Do we want to prevent code like that? I'm not sure if it is problematic.
Flags: needinfo?(michael) → needinfo?(nfroyd)
Perhaps you could restrict the warning to only apply to function declarations outside of system headers?  If the system header does it, that's sort of a claim that it should be okay.  (At least, unless the declaration is a template declaration and the std::function is the actual type of a dependent type in the signature, mumble mumble terminology mumble.)
Ugh.  I dug into this a little further, and the problem that this static analysis is attempting to solve does not apply to all architectures.  For the case of std::function on x86-64 Mac/Linux, everything is OK: (this implementation of) std::function has a non-trivial destructor, so values of it are passed by invisible reference.  Thus, any alignment problems are taken care of by the caller.  AFAICT, this would also be true on x86-64 Windows.

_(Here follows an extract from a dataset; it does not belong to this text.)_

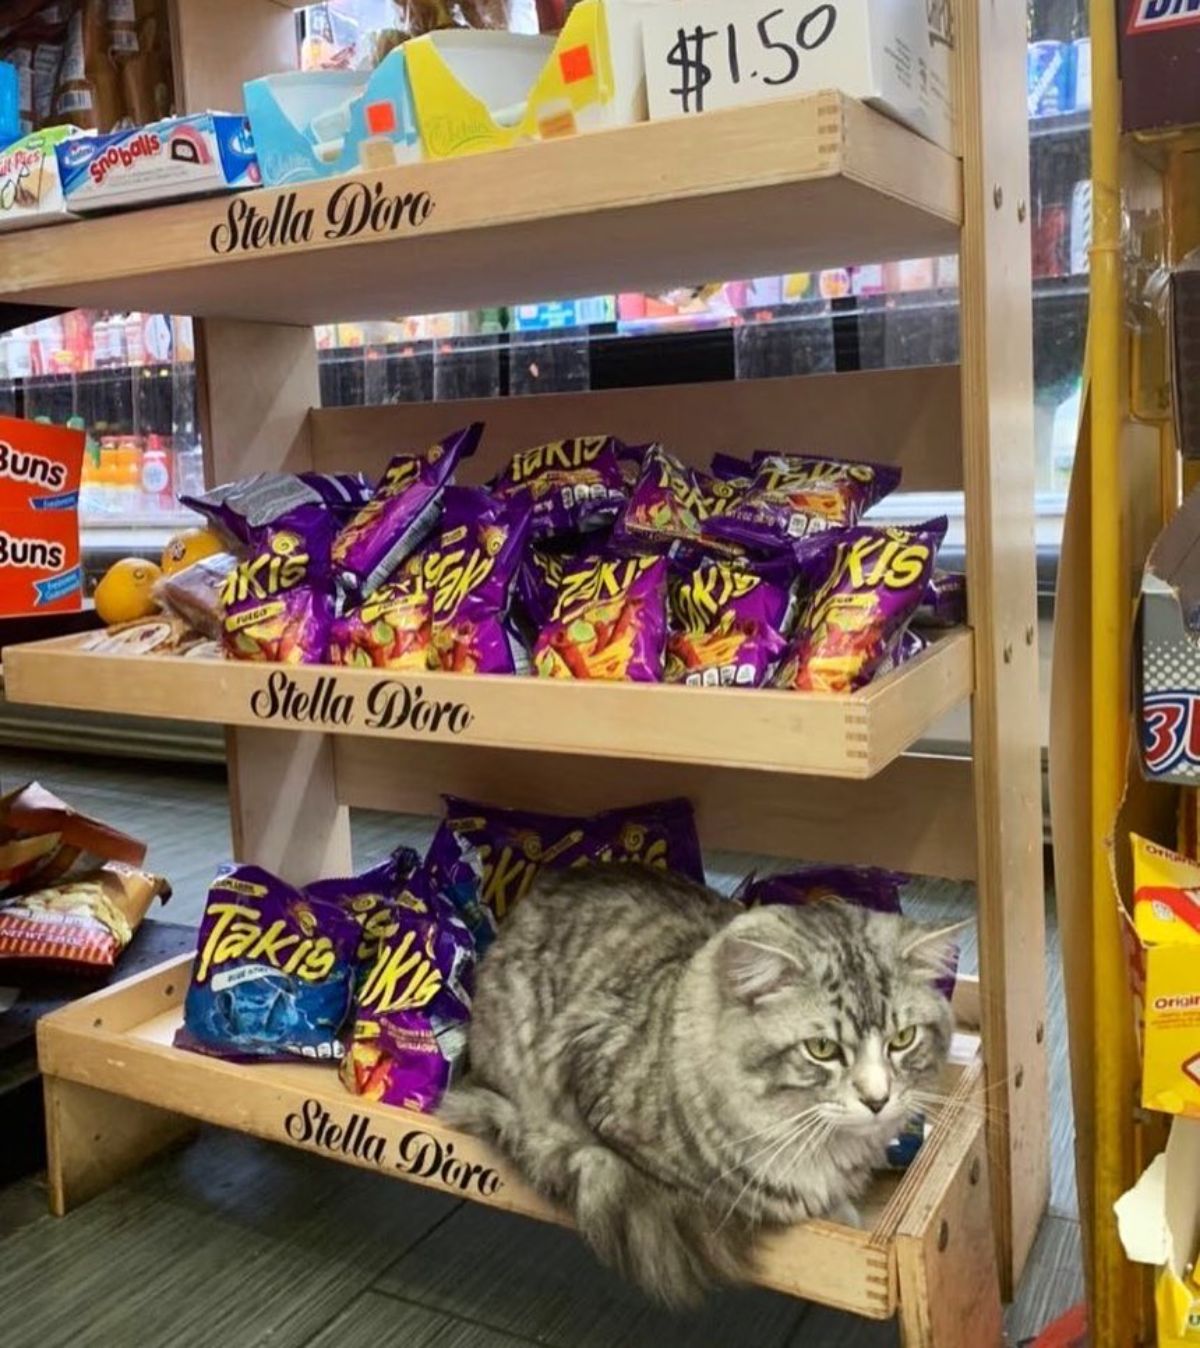 grey and white tabby cat sleeping on a shelf next to packets of chips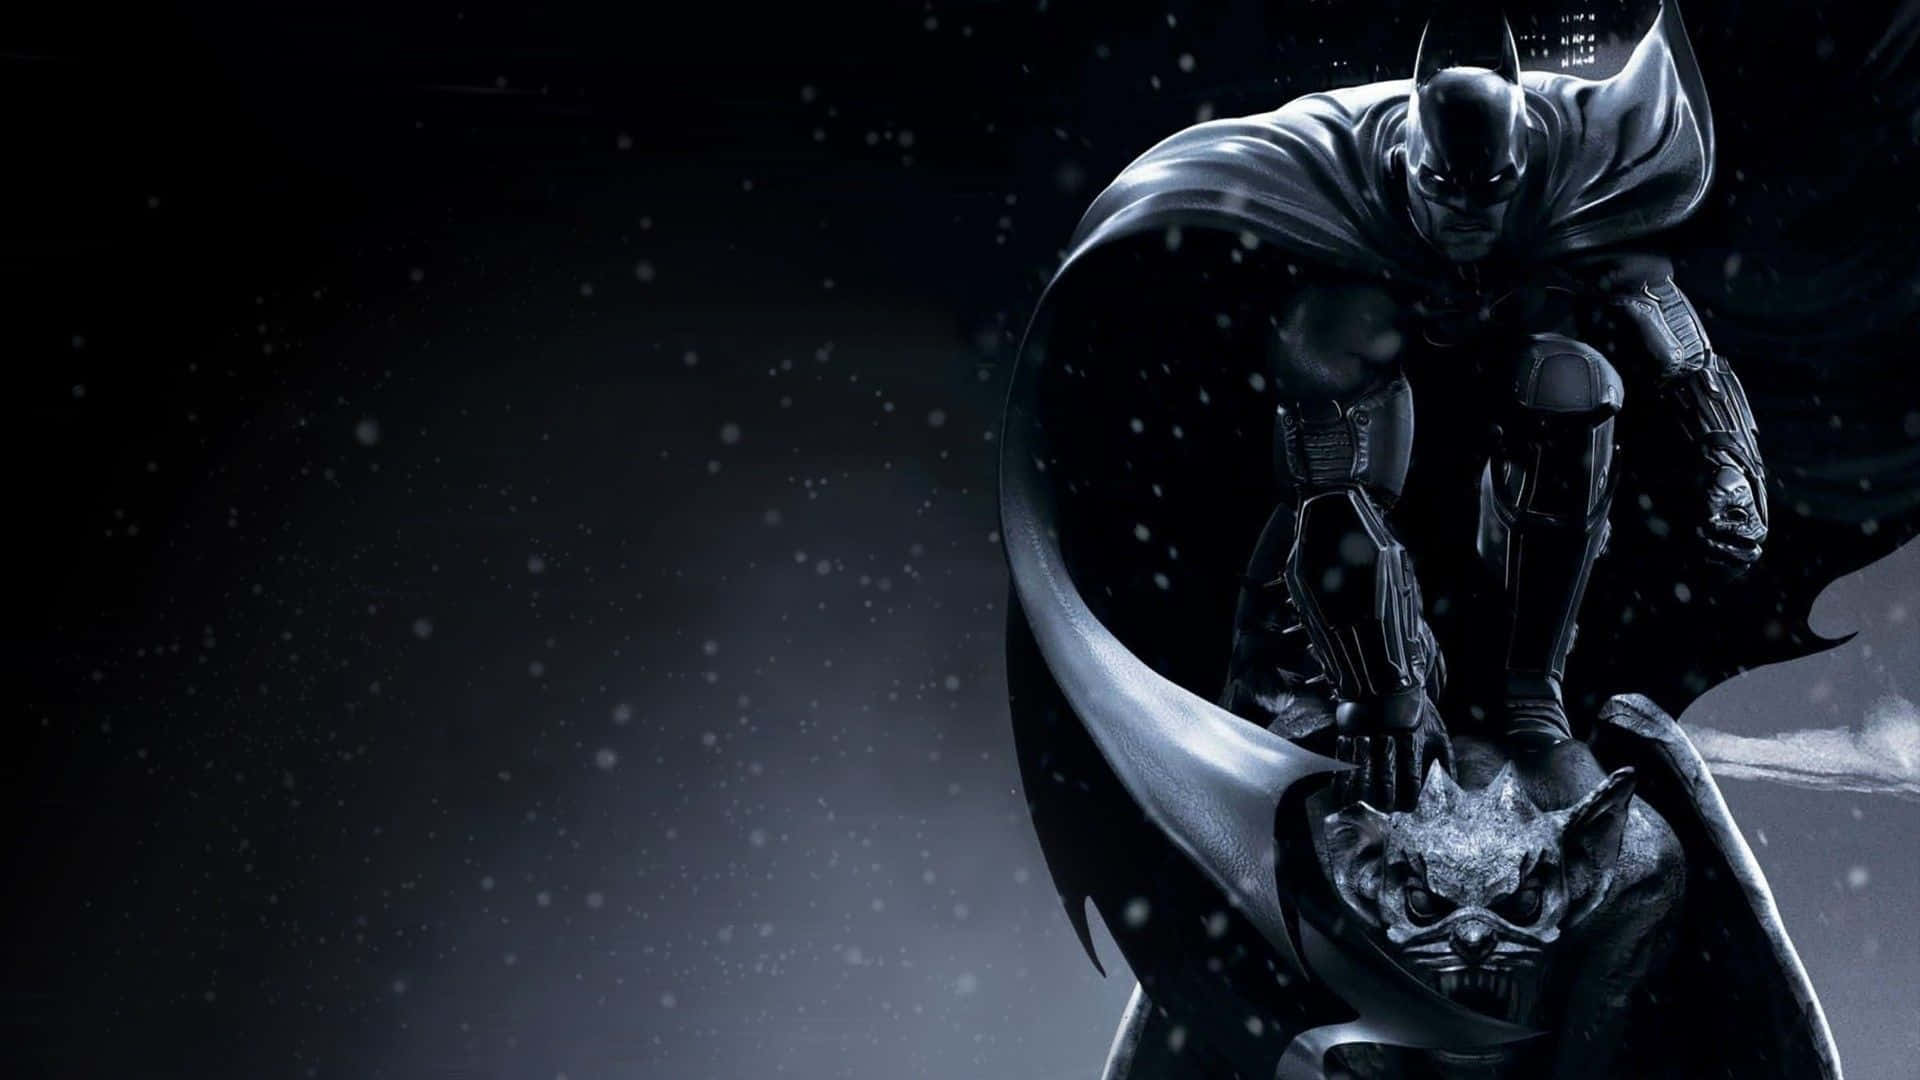 Get to work in style with this Batman Laptop Wallpaper

x86 (Unix and Windows), however, would just copy the parameters onto the stack, so you have no guaranteed alignment.  Surprisingly, I think ARM does this too (though they make a half-hearted attempt at aligning things).  ARM64 appears to do this as well, though that particular part of the ABI is full of acronyms and I didn't want to wade through them all.

This language feature seems to be a huge huge footgun, especially for what purport to be cross-platform C++ libraries.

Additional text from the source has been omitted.